I was reading last night before I went off to sleep about planning, goal setting, and dreaming big. Donald Miller, author of Blue Like Jazz says you should live your life as if you were writing a movie script.  Maybe that played into it but at 4:45AM my eyes popped open and something in me said, “You’ve got a 90th birthday coming up. You’ve better start planning.” Hence, my 30 year plan.

Now I’m just starting so I don’t want to share any details just yet but I will let you know, there will be a big shebang and you are all invited. I plan to run 5 miles that day and if it’s not too hot (in mid-July. Put it on your calendar.) play a little tennis. I also want Doris to get her hair done and put on something kind of cute. (Sorry, TMI) The point of the whole thing is, I’m making some plans. And it will be here before I know it.
The truth is that real emotional, spiritual, and mental health involves staying in the moment, living one day at a time, and treating each day as if it were your last. But it’s not. Or at least I don’t know that it is. What I do know is that there is a lot of Kingdom work to be done. There are hurting people that I know that still need to hear that Jesus loves them. I have kids, and grand kids, and by that time, maybe great grand kids, that I have some influence over and responsibility to. “For the gifts and calling of God is irrevocable." (Romans 11:29) There just isn’t a place for me to pull down the sign, hang up my cleats and say, “I’m done.”

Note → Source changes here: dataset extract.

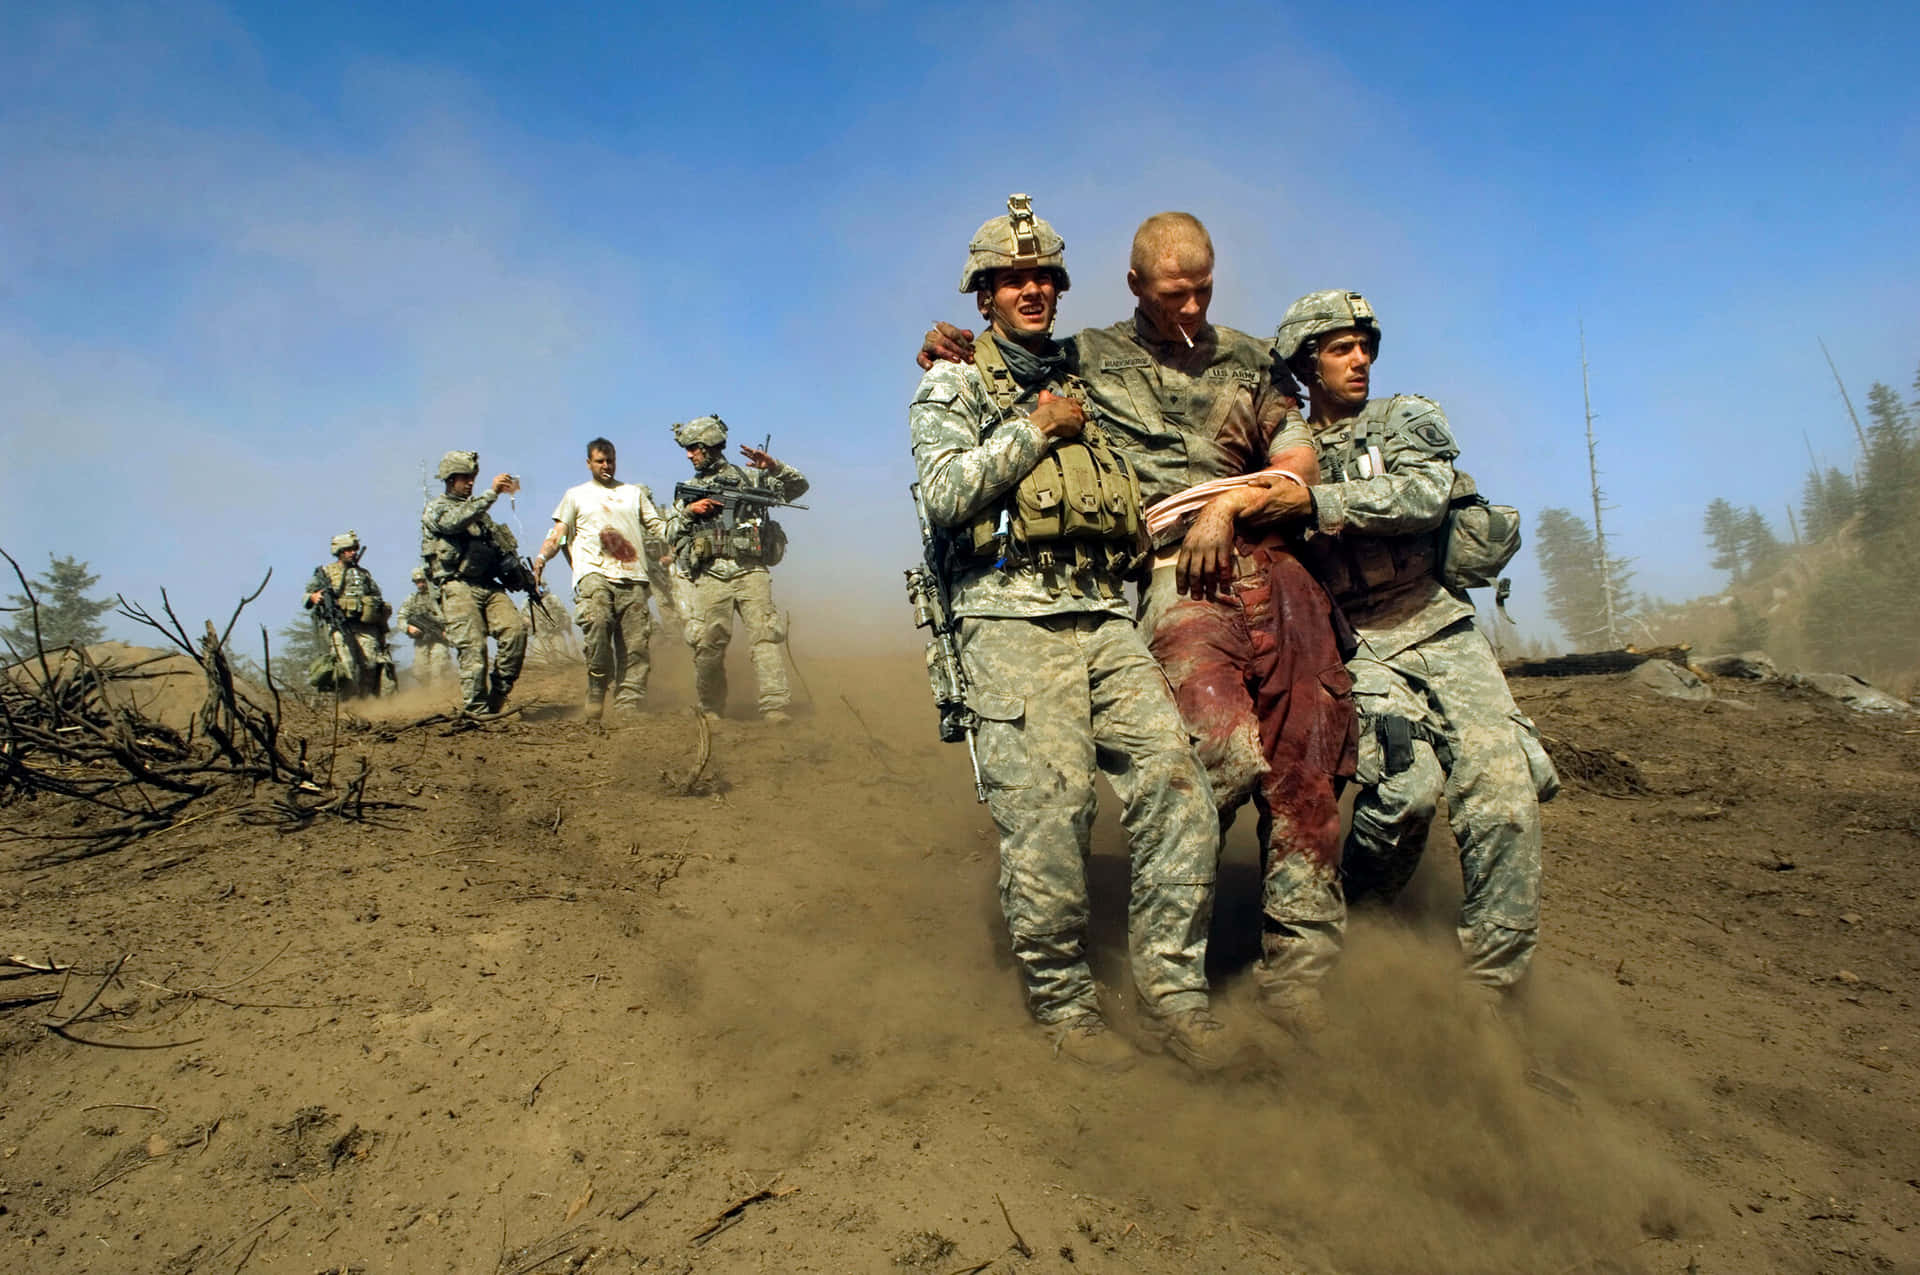 The Painful Cost of War

Now that can be a little discouraging. Don’t get me wrong, sitting on the beach in the Bahamas or lounging by the pool in Bimini sounds good to me. But is also incredibly exciting. God will not be finished with me until the very day He takes me home. He has things for me to do and the energy and resources to do them. So….
I’m making out my 30 year plan today. And if the next 30 is as adventuresome as the last, I can’t wait to see it.  “Now therefore, give me this mountain… Joshua 14:12”  (Caleb at age 85.)